In 2013, HKIA witnessed a year-on-year increase of 5.2 per cent to 34.3 million passengers while flight movements have increased by 5.5 per cent compared to the same period last year. These figures have broken expected targets with HKIA management expecting continued growth in the future.

With plans under way for a new runway system and new parking stands, 2014 looks exciting. In March 2012, the Government’s in-principle approval of adopting a three-runway system lead to the Airport Authority (AA) embarking on a three-phase process of project planning, approval and implementation. Currently in the planning stage, HKIA is doing the statutory Environmental Impact Assessment (EIA) study and also working on the associated design of the runway system. It EIA report is aimed at winning the approvals required to launch into the eight-year implementation phase of land formation, detailed designs and construction of related facilities.
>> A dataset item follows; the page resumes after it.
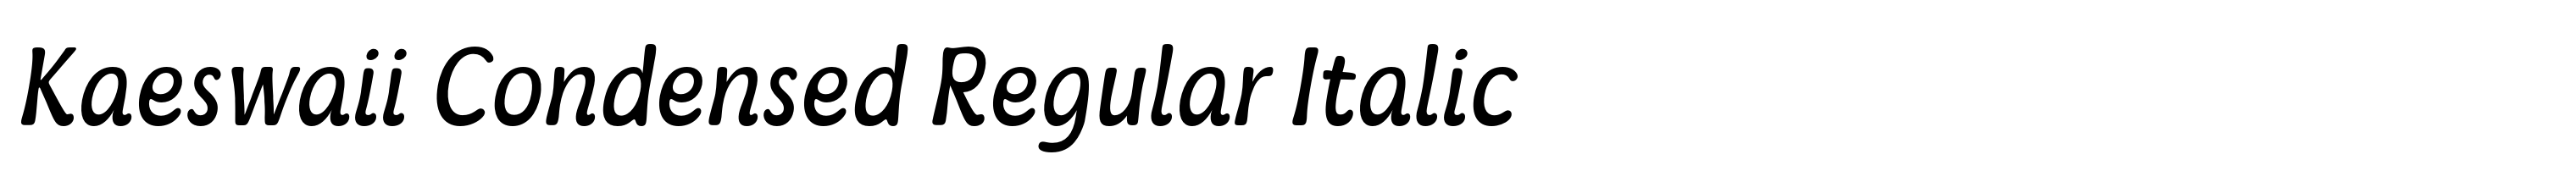 Kaeswaii Condensed Regular Italic

Other expansion plans are more immediate in nature, for instance the building of the new parking stands in the Midfield area of HKIA to meet increasing demand. Twenty parking stands are currently under construction and are expected to be ready to handle an additional 10 million passengers by the end of 2015. This year, six new parking stands opened in June and another 15 will launch in a few months. The end result will be 28 additional parking stands and a cross-runway vehicular tunnel linking with the cargo facilities area. 

With such development, the HKIA, in conjunction with AA and its business partners, is more aware than ever before of its 2010 pledge to reduce airport-wide carbon emissions by 25 per cent per workload unit by 2015 compared to 2008 levels.

According to the preliminary and unaudited figures announced in March 2013, the airport community has achieved a carbon intensity reduction of nearly 14 per cent over the past two years. Since 2010, the airport community has completed more than 370 carbon reduction initiatives, improving cooling systems and introducing more energy-efficient vehicles. Such efforts have paid off when, in 2013, HKIA received the Airport Carbon Accreditation “Optimisation” certificate from Airports Council International (ACI) in recognition of its carbon emissions management and reduction efforts. HKIA is the first airport in Asia Pacific to achieve this standard.

As part of this initiative, AAHK has embarked on conducting Hong Kong’s largest LED replacement project by replacing the airport’s traditional lighting in the passenger terminal buildings with 100,000 light emitting diodes (LED) by 2014, which will save 15 million kWh of electricity per year.